The United States urged China to free all those still jailed over the 1989 Tiananmen Square demonstrations, on the eve of Monday’s 23rd anniversary of the brutal crackdown on the protests.
State Department deputy spokesman Mark Toner said Sunday the United States called on Beijing to do more to protect the human rights of its citizens — a comment that could touch a raw nerve in Beijing on the sensitive anniversary.
The United States “joins the international community in remembering the tragic loss of innocent lives” in the “violent suppression” of the mass pro-democracy protests in the heart of Beijing, Toner said in a statement.
“We encourage the Chinese government to release all those still serving sentences for their participation in the demonstrations; to provide a full public accounting of those killed, detained or missing; and to end the continued harassment of demonstration participants and their families.”
Hundreds, perhaps thousands, are believed to have died when the government sent in tanks and soldiers to clear Tiananmen Square on the night of June 3-4, 1989, violently crushing six weeks of pro-democracy protests.
More than two decades later, Beijing still considers the incident a “counter revolutionary rebellion” and has refused to acknowledge any wrongdoing or consider compensation for those killed.
The US statement made no specific mention of accounts from rights campaigners that Chinese police beat and detained political activists Sunday as they marked the anniversary of the crackdown by the People’s Liberation Army.
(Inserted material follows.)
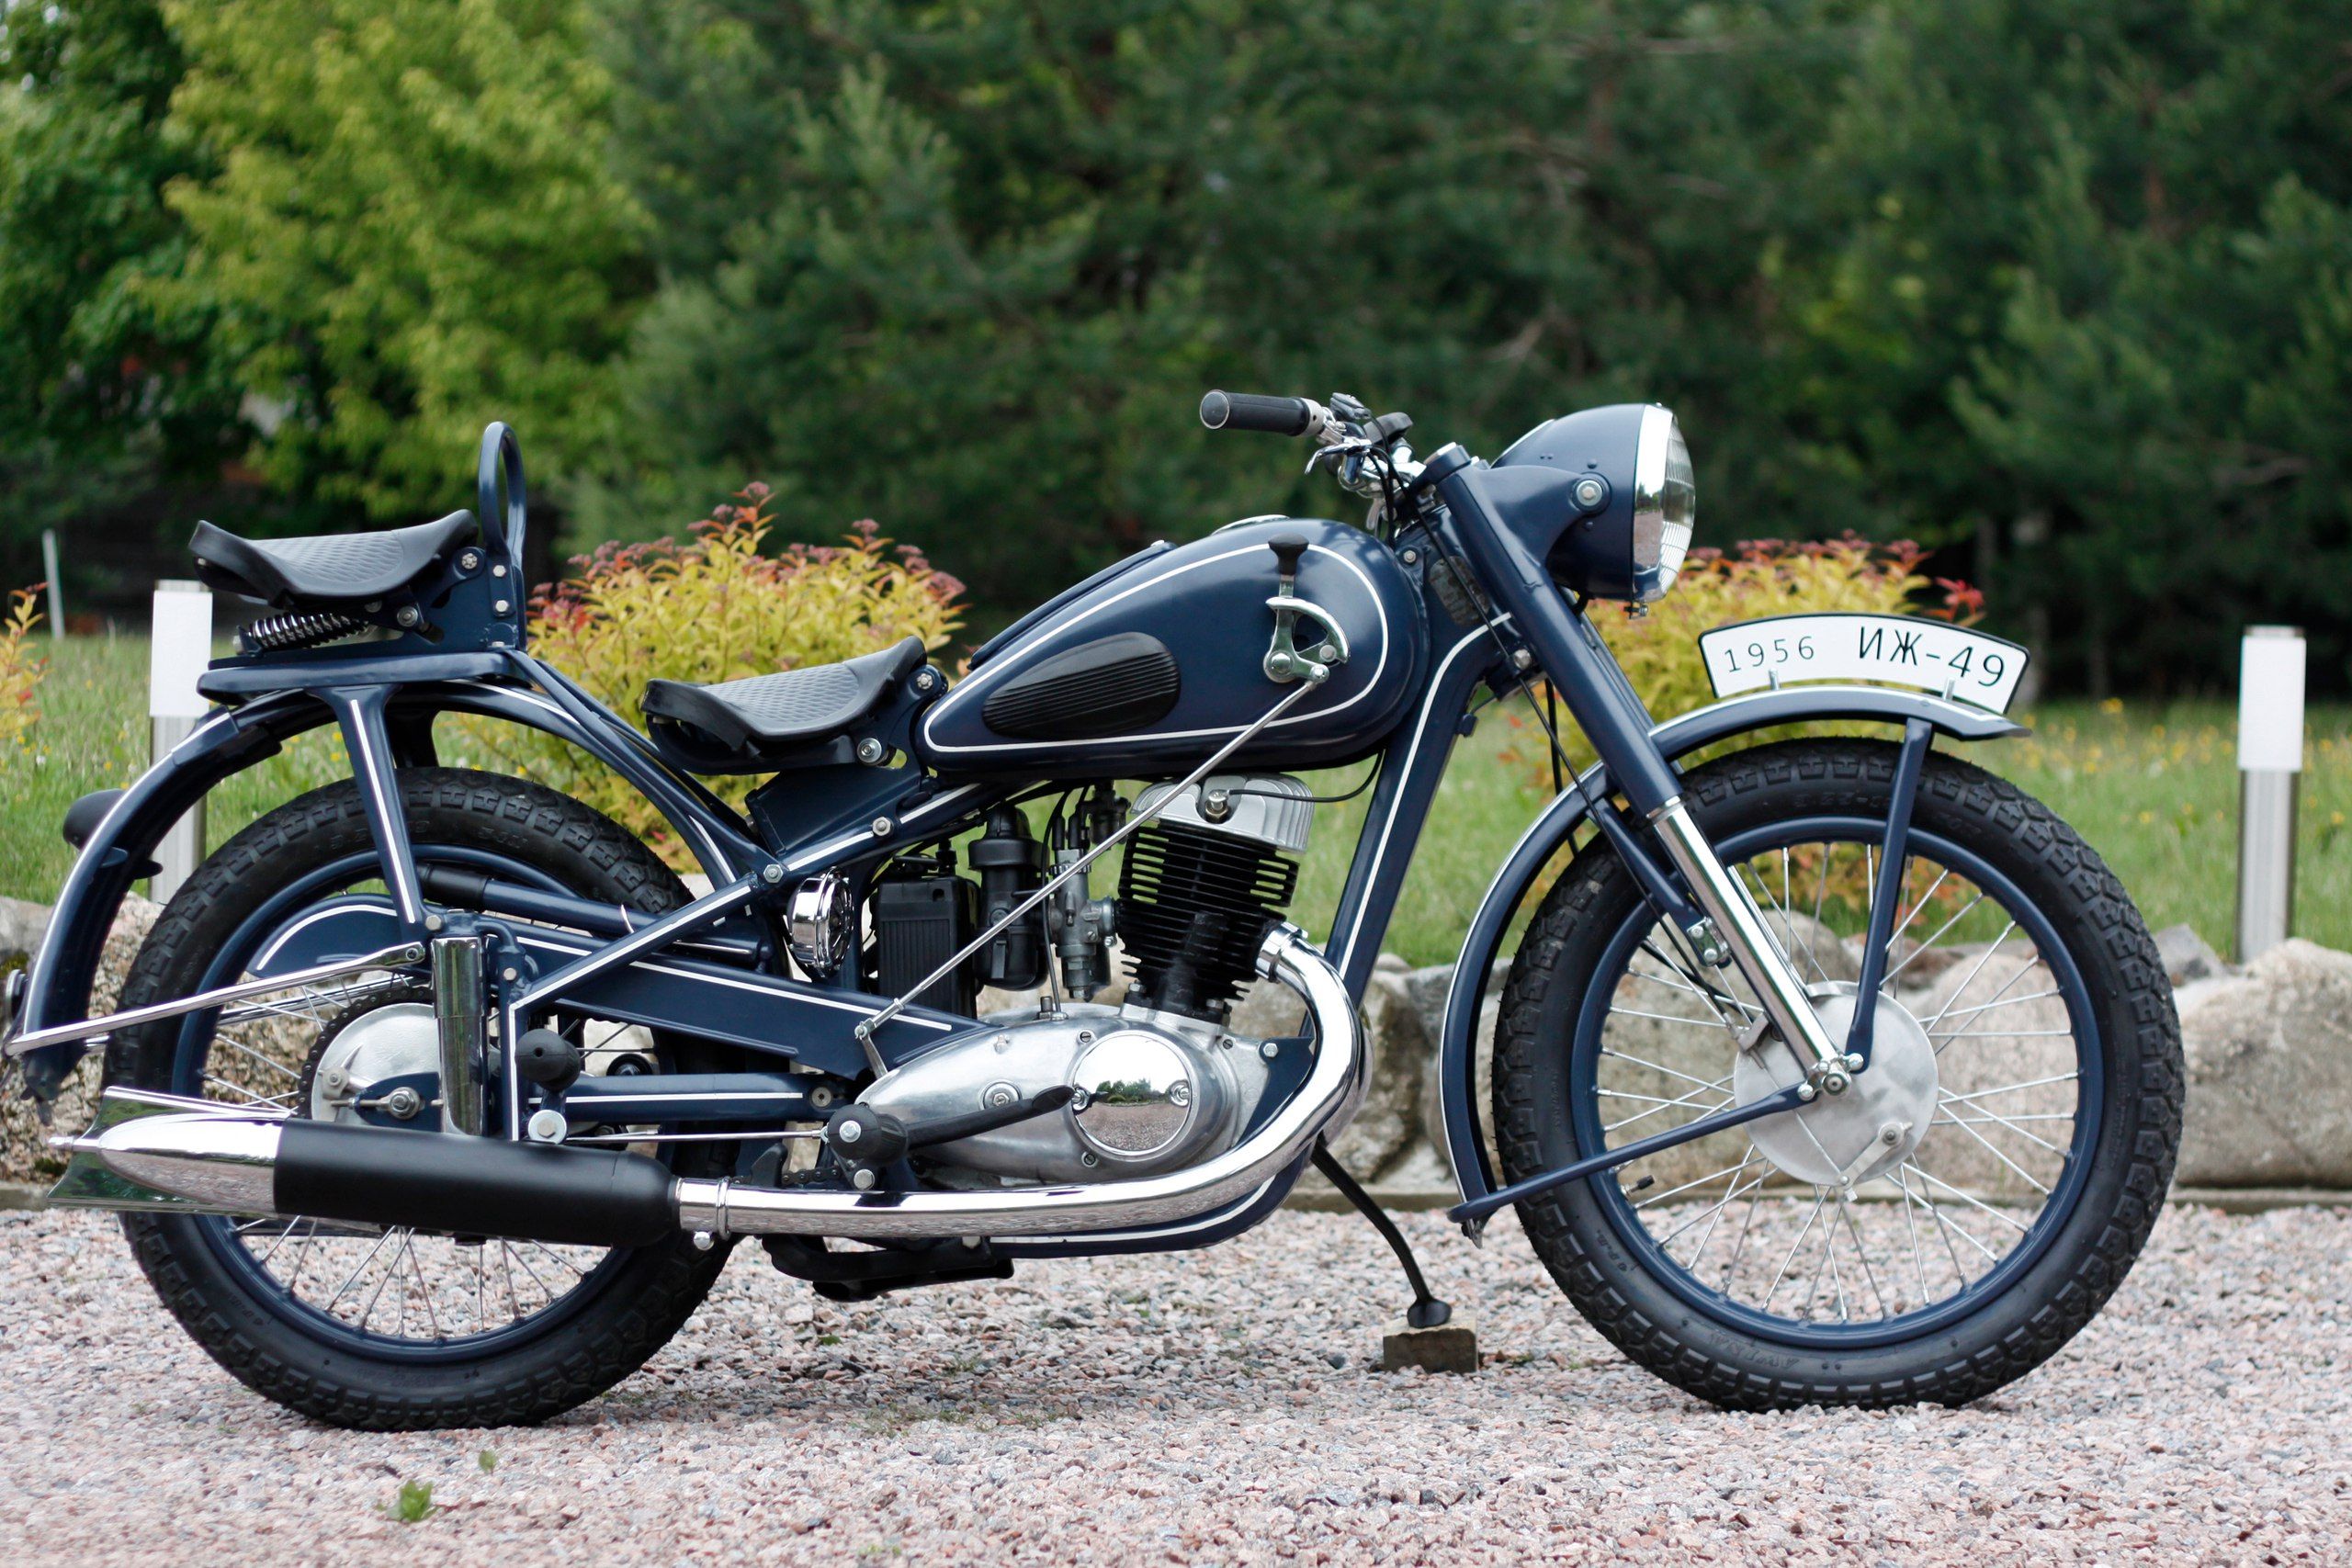 Izh -49 1951-1958 | motorcycles of the USSR 1920-1930... | Pinterest ...
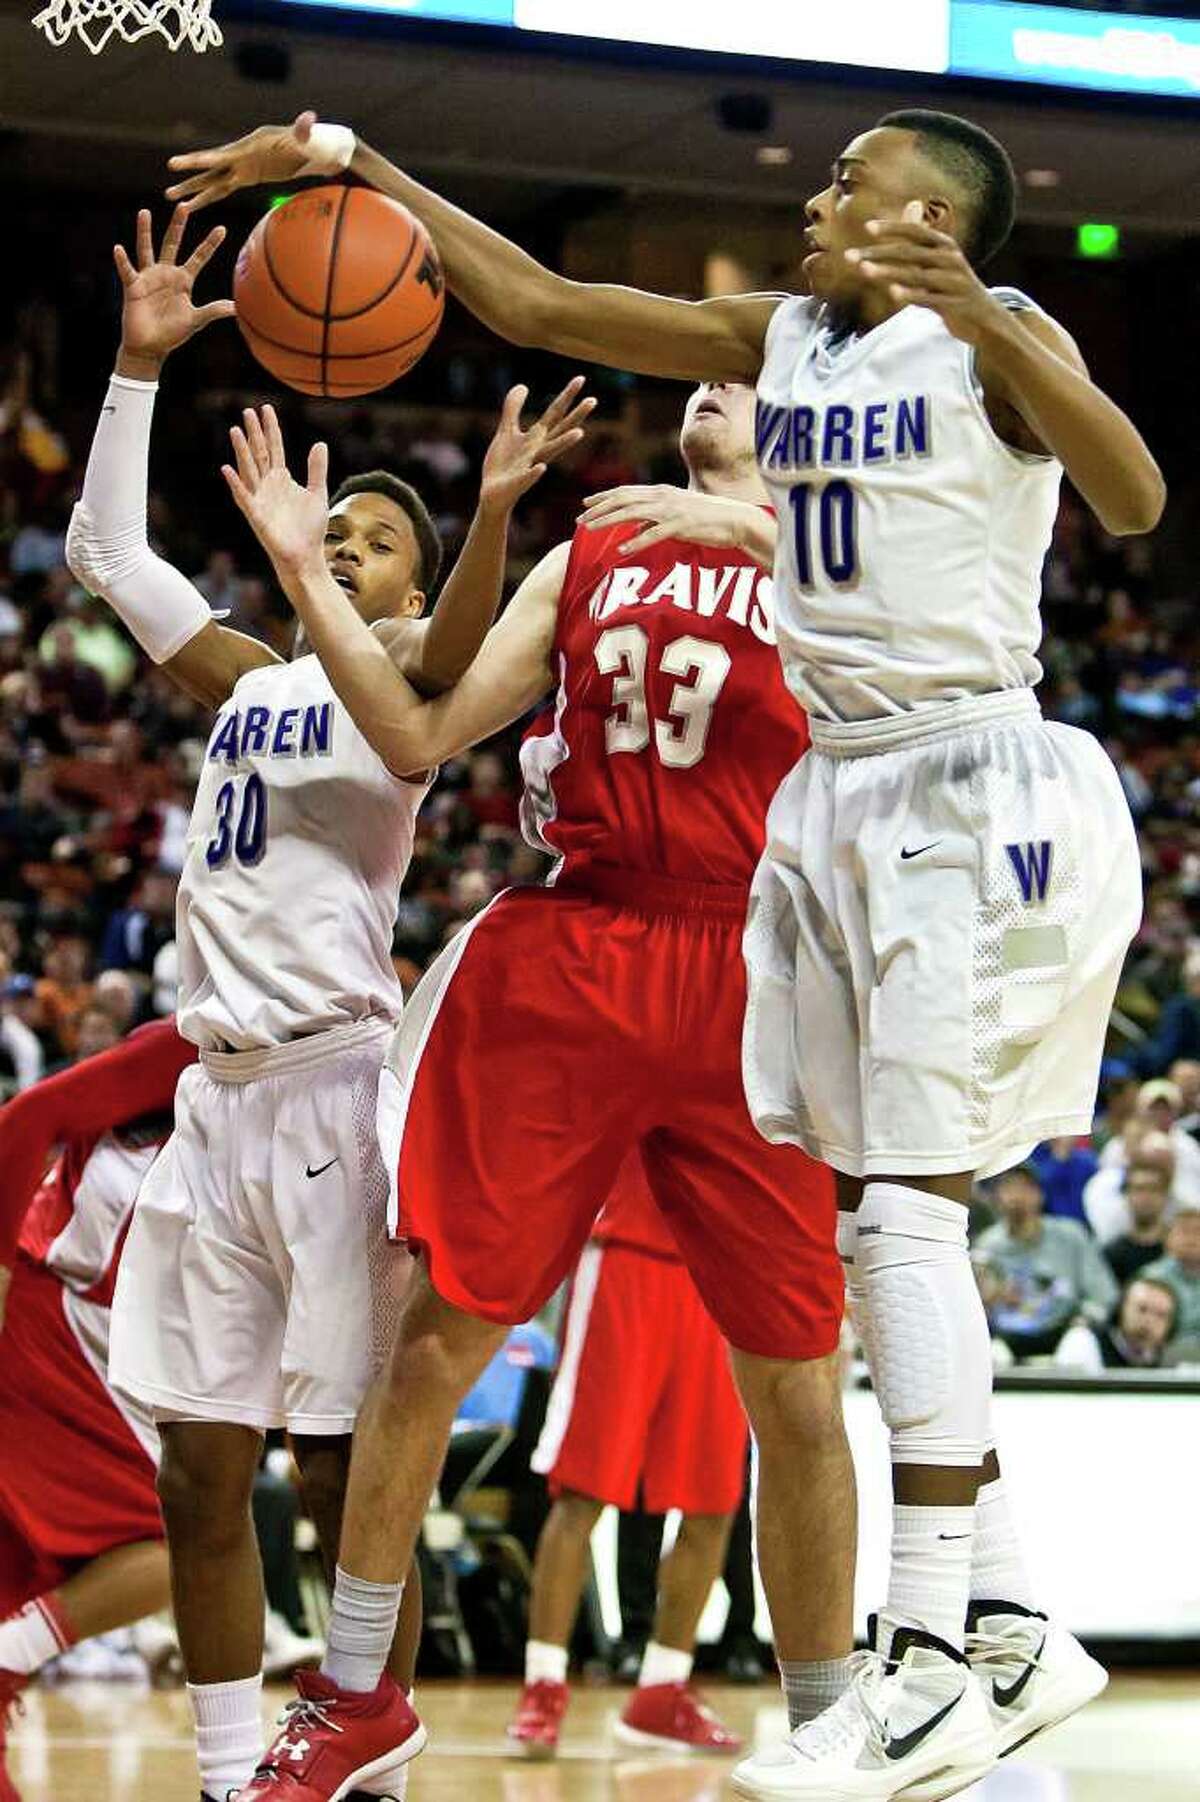 Warren's Pris Collins (right) and Jerell Ellis fight for a fourth quarter rebound with Fort Bend Travis's Kyle Coulter during their 5A state semifinal game at the Frank Erwin Center in Austin on March 9, 2012. MARVIN PFEIFFER/ mpfeiffer@express-news.net

Officers used violence against activists in the southeast province of Fujian and detained them, while more than 30 people who came to Beijing “to petition” were held and then forced to return home, the campaigners reported.
But on the heels of a major diplomatic row over blind Chinese dissident Chen Guangcheng, who is now living in the United States after fleeing house arrest, Washington urged Beijing to stop harassing human rights activists.
“We renew our call for China to protect the universal human rights of all its citizens; release those who have been wrongfully detained, prosecuted, incarcerated, forcibly disappeared, or placed under house arrest; and end the ongoing harassment of human rights activists and their families,” Toner said.
In Beijing, veteran dissident Hu Jia said on his microblog that, as in previous years on the Tiananmen anniversary, police had stepped up security around the homes of numerous political activists and social critics.
Rights activists and lawyers said police had also contacted them and warned against participating in activities marking the crackdown.
Any mention of the 1989 protests is banned in Chinese state media, and the subject is largely taboo in China.
The overseas dissident website www.molihua.org had in recent days urged those opposed to the crackdown to dress in black and “stroll” in public places throughout China on June 3-4.
The call, which spread via numerous microblogs, was similar to posts last year urging Chinese to hold protests akin to those that spread through the Arab world.
The Tiananmen Mothers, a group of relatives of victims of the 1989 crackdown, issued an annual open letter to the government calling for the end of communist rule and a reassessment of the official verdict on the protests.
“So long as the Tiananmen Mothers exist, our struggle for justice will not cease,” said the letter, signed by 121 members.
The only open commemoration of the crackdown to be allowed on Chinese soil will take place in Hong Kong, a Chinese territory that enjoys freedoms not allowed in the mainland.
Organizers say they expect more than 150,000 people to join a candlelight vigil to mark the anniversary.